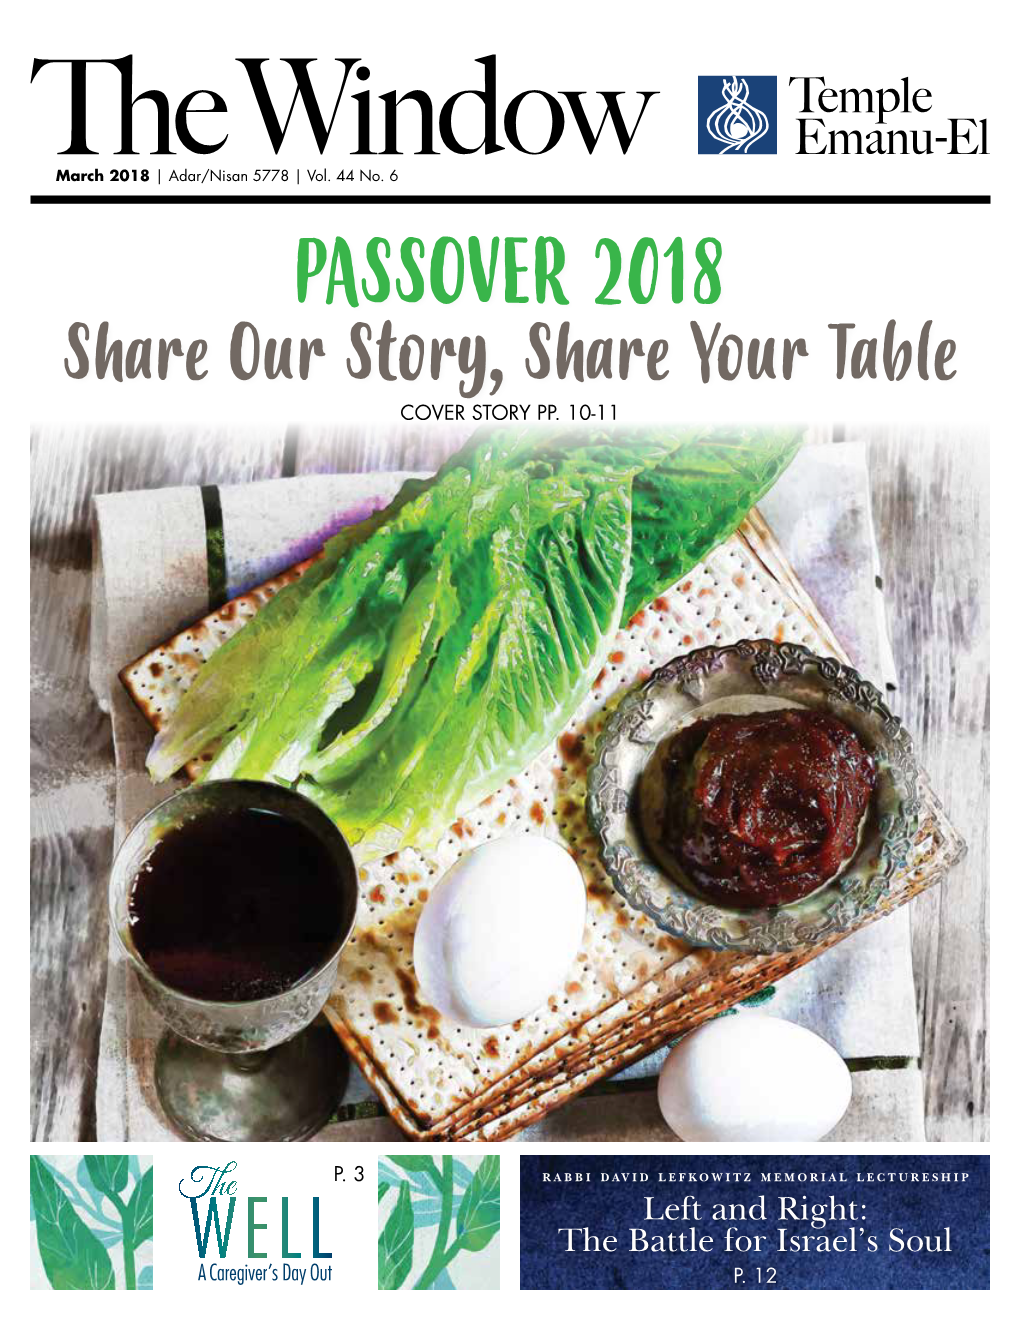 PASSOVER 2018 Share Our Story, Share Your Table COVER STORY PP
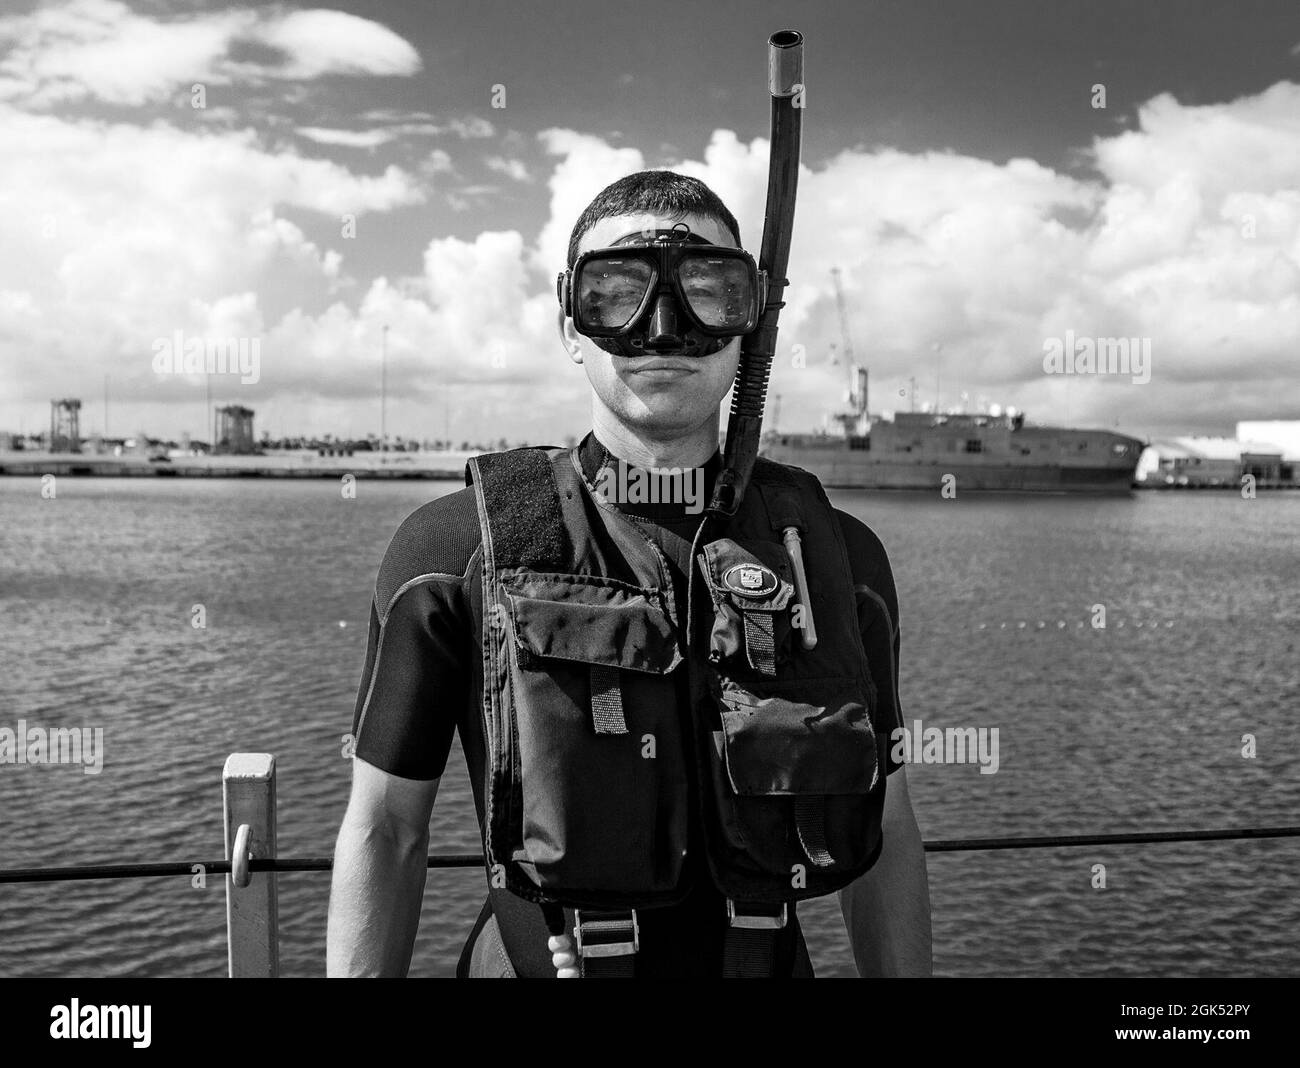 210803-N-KY668-1024   PONCE, Puerto Rico - (Aug. 3, 2021) – Chief Mineman Jonathan Wampler, a search and rescue (SAR) swimmer assigned to the Freedom-variant littoral combat ship USS Billings (LCS 15), poses for a picture while conducting SAR training on the fo’c’sle, Aug. 3, 2021. Billings is deployed to the U.S. 4th Fleet area of operations to support Joint Interagency Task Force South’s mission, which includes counter-illicit drug trafficking missions in the Caribbean and Eastern Pacific. Stock Photo
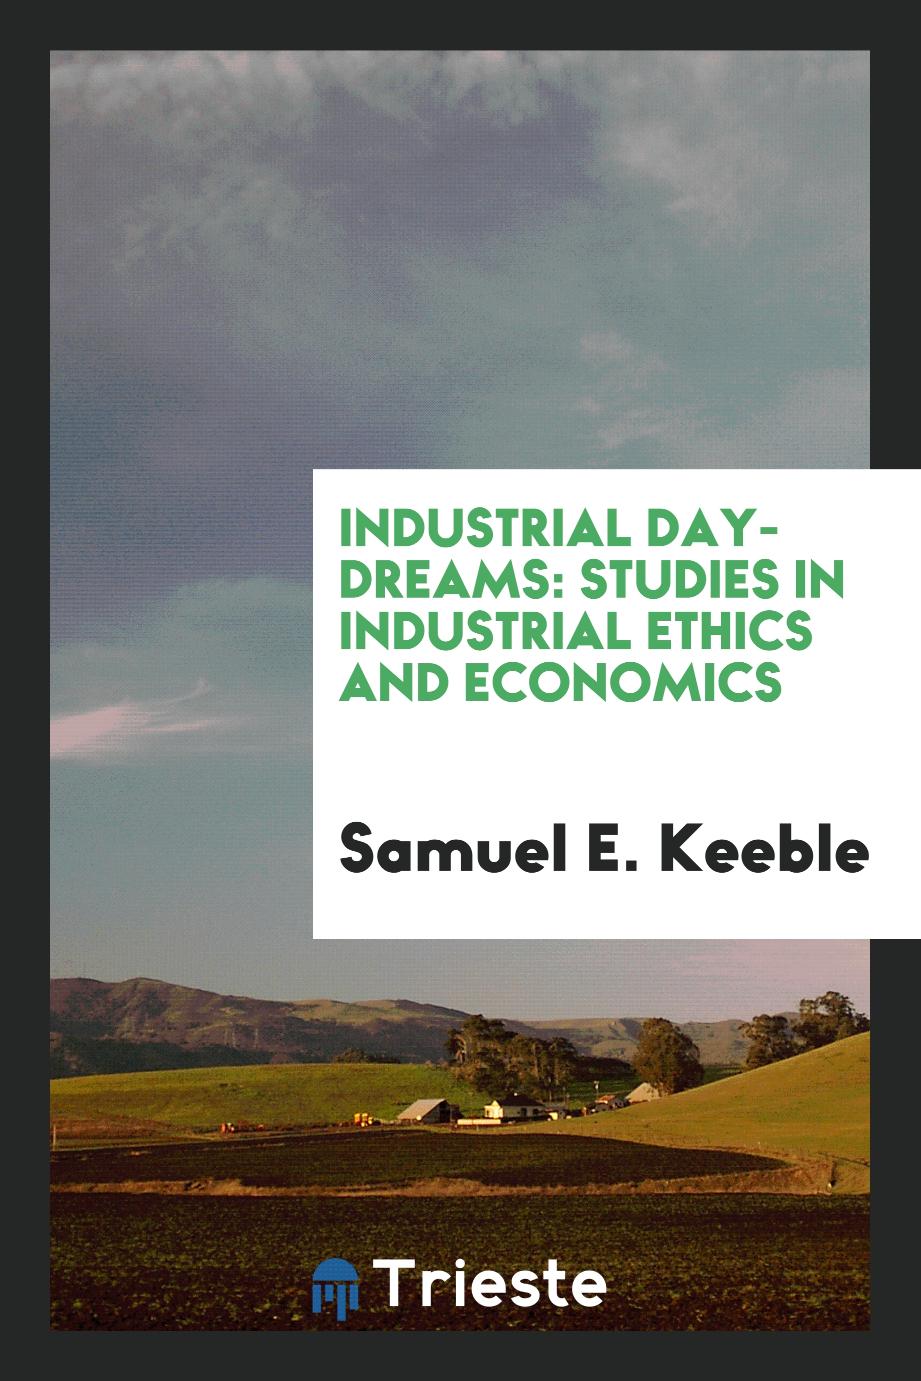 Industrial day-dreams: studies in industrial ethics and economics
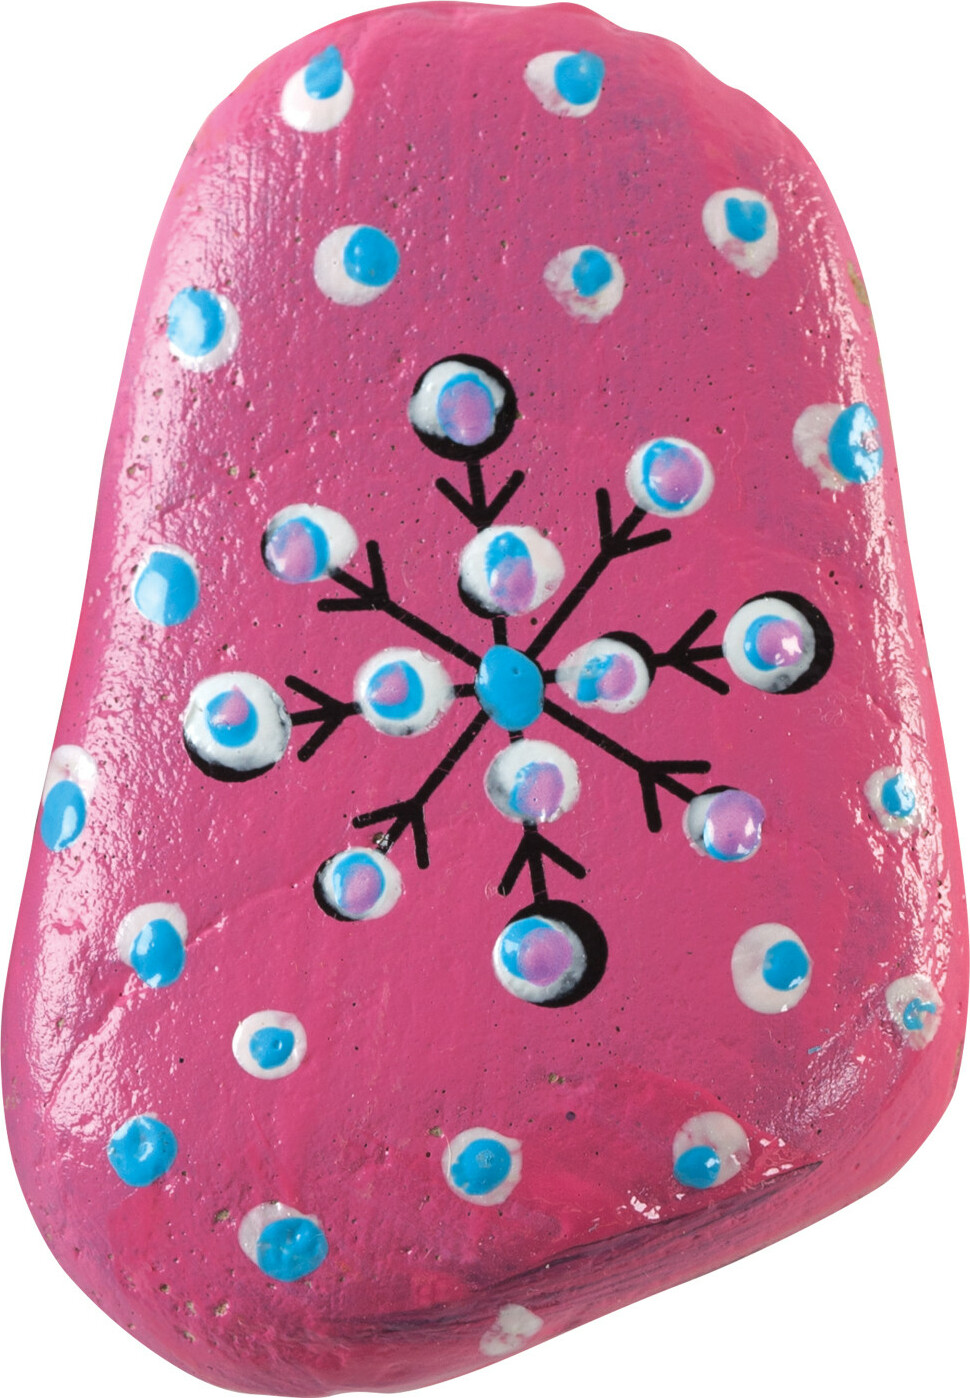 Hide & Seek Dot-a-Rock Painting Kit - The Toy Box Hanover
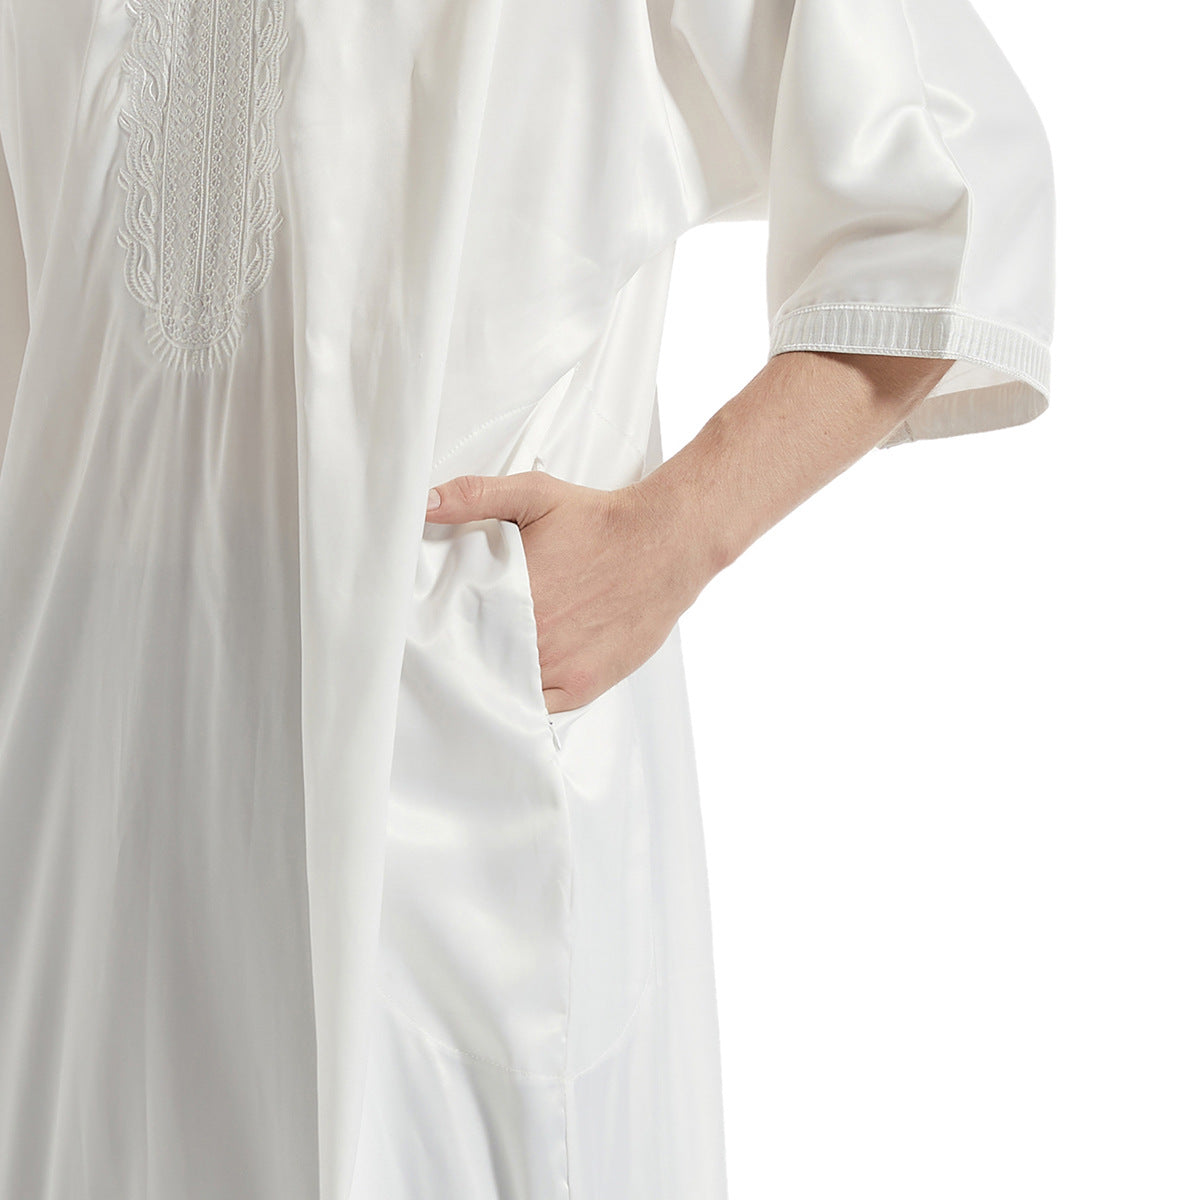 Explore Hikmah Boutique's exclusive Men's White Half Sleeves Abaya, crafted with premium materials and featuring delicate embroidery. Elevate your modest clothing wardrobe with our affordable yet sophisticated Islamic clothing for men.

- Requirement -
Every line from the one containing "Pacific. Stock Photo" through the end of the entries above is to be copied exactly; pictures are to be left out.

- Answer for this exercise -
 210803-N-KY668-1024   PONCE, Puerto Rico - (Aug. 3, 2021) – Chief Mineman Jonathan Wampler, a search and rescue (SAR) swimmer assigned to the Freedom-variant littoral combat ship USS Billings (LCS 15), poses for a picture while conducting SAR training on the fo’c’sle, Aug. 3, 2021. Billings is deployed to the U.S. 4th Fleet area of operations to support Joint Interagency Task Force South’s mission, which includes counter-illicit drug trafficking missions in the Caribbean and Eastern Pacific. Stock Photo
 Industrial day-dreams: studies in industrial ethics and economics
 Hide & Seek Dot-a-Rock Painting Kit - The Toy Box Hanover
 Explore Hikmah Boutique's exclusive Men's White Half Sleeves Abaya, crafted with premium materials and featuring delicate embroidery. Elevate your modest clothing wardrobe with our affordable yet sophisticated Islamic clothing for men.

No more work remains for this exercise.